Activity. Copy the listing that follows, line for line, without a single difference.
>>
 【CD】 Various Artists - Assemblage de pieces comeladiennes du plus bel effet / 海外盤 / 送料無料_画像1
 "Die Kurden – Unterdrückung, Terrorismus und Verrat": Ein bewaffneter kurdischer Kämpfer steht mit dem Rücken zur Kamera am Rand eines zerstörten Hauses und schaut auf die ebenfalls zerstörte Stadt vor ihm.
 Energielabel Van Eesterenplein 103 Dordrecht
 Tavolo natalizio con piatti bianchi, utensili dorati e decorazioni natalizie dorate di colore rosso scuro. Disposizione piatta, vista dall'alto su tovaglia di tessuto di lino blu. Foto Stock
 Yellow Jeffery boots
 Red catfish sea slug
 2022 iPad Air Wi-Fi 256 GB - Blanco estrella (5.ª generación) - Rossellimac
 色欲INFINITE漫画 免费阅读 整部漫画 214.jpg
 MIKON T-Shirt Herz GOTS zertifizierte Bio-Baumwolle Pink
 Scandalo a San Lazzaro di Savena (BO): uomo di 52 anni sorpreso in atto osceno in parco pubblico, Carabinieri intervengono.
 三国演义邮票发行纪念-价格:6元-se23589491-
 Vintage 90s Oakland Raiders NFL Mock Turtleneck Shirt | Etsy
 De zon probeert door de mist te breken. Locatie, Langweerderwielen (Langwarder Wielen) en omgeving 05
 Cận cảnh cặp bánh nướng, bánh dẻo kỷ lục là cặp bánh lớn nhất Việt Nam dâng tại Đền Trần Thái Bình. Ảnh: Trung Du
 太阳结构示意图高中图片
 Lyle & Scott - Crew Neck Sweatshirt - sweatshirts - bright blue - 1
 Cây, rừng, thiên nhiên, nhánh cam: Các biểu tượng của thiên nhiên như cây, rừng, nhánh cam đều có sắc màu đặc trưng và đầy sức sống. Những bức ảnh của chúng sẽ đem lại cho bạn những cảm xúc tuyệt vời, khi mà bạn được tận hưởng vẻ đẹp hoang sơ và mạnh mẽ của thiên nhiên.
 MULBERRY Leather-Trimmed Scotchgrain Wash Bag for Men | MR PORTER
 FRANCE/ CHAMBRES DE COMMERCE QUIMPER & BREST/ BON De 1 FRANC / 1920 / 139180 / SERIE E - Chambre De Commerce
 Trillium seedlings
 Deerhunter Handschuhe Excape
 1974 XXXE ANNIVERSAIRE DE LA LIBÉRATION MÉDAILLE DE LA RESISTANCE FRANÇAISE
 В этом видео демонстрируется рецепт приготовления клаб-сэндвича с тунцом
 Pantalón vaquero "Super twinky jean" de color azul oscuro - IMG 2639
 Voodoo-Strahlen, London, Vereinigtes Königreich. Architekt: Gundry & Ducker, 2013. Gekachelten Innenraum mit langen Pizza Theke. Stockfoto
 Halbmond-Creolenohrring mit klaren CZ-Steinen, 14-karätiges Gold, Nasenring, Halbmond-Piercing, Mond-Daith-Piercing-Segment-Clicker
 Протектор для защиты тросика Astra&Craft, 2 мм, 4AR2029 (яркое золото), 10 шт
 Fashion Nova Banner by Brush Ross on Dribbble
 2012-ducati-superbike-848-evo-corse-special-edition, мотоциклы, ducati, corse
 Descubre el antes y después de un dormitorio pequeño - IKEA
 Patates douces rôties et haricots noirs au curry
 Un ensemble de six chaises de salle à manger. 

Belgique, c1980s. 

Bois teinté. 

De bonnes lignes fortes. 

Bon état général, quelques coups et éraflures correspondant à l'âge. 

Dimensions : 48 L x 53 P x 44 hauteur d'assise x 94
<<
Response box.
 【CD】 Various Artists - Assemblage de pieces comeladiennes du plus bel effet / 海外盤 / 送料無料_画像1
 "Die Kurden – Unterdrückung, Terrorismus und Verrat": Ein bewaffneter kurdischer Kämpfer steht mit dem Rücken zur Kamera am Rand eines zerstörten Hauses und schaut auf die ebenfalls zerstörte Stadt vor ihm.
 Energielabel Van Eesterenplein 103 Dordrecht
 Tavolo natalizio con piatti bianchi, utensili dorati e decorazioni natalizie dorate di colore rosso scuro. Disposizione piatta, vista dall'alto su tovaglia di tessuto di lino blu. Foto Stock
 Yellow Jeffery boots
 Red catfish sea slug
 2022 iPad Air Wi-Fi 256 GB - Blanco estrella (5.ª generación) - Rossellimac
 色欲INFINITE漫画 免费阅读 整部漫画 214.jpg
 MIKON T-Shirt Herz GOTS zertifizierte Bio-Baumwolle Pink
 Scandalo a San Lazzaro di Savena (BO): uomo di 52 anni sorpreso in atto osceno in parco pubblico, Carabinieri intervengono.
 三国演义邮票发行纪念-价格:6元-se23589491-
 Vintage 90s Oakland Raiders NFL Mock Turtleneck Shirt | Etsy
 De zon probeert door de mist te breken. Locatie, Langweerderwielen (Langwarder Wielen) en omgeving 05
 Cận cảnh cặp bánh nướng, bánh dẻo kỷ lục là cặp bánh lớn nhất Việt Nam dâng tại Đền Trần Thái Bình. Ảnh: Trung Du
 太阳结构示意图高中图片
 Lyle & Scott - Crew Neck Sweatshirt - sweatshirts - bright blue - 1
 Cây, rừng, thiên nhiên, nhánh cam: Các biểu tượng của thiên nhiên như cây, rừng, nhánh cam đều có sắc màu đặc trưng và đầy sức sống. Những bức ảnh của chúng sẽ đem lại cho bạn những cảm xúc tuyệt vời, khi mà bạn được tận hưởng vẻ đẹp hoang sơ và mạnh mẽ của thiên nhiên.
 MULBERRY Leather-Trimmed Scotchgrain Wash Bag for Men | MR PORTER
 FRANCE/ CHAMBRES DE COMMERCE QUIMPER & BREST/ BON De 1 FRANC / 1920 / 139180 / SERIE E - Chambre De Commerce
 Trillium seedlings
 Deerhunter Handschuhe Excape
 1974 XXXE ANNIVERSAIRE DE LA LIBÉRATION MÉDAILLE DE LA RESISTANCE FRANÇAISE
 В этом видео демонстрируется рецепт приготовления клаб-сэндвича с тунцом
 Pantalón vaquero "Super twinky jean" de color azul oscuro - IMG 2639
 Voodoo-Strahlen, London, Vereinigtes Königreich. Architekt: Gundry & Ducker, 2013. Gekachelten Innenraum mit langen Pizza Theke. Stockfoto
 Halbmond-Creolenohrring mit klaren CZ-Steinen, 14-karätiges Gold, Nasenring, Halbmond-Piercing, Mond-Daith-Piercing-Segment-Clicker
 Протектор для защиты тросика Astra&Craft, 2 мм, 4AR2029 (яркое золото), 10 шт
 Fashion Nova Banner by Brush Ross on Dribbble
 2012-ducati-superbike-848-evo-corse-special-edition, мотоциклы, ducati, corse
 Descubre el antes y después de un dormitorio pequeño - IKEA
 Patates douces rôties et haricots noirs au curry
 Un ensemble de six chaises de salle à manger. 

Belgique, c1980s. 

Bois teinté. 

De bonnes lignes fortes. 

Bon état général, quelques coups et éraflures correspondant à l'âge. 

Dimensions : 48 L x 53 P x 44 hauteur d'assise x 94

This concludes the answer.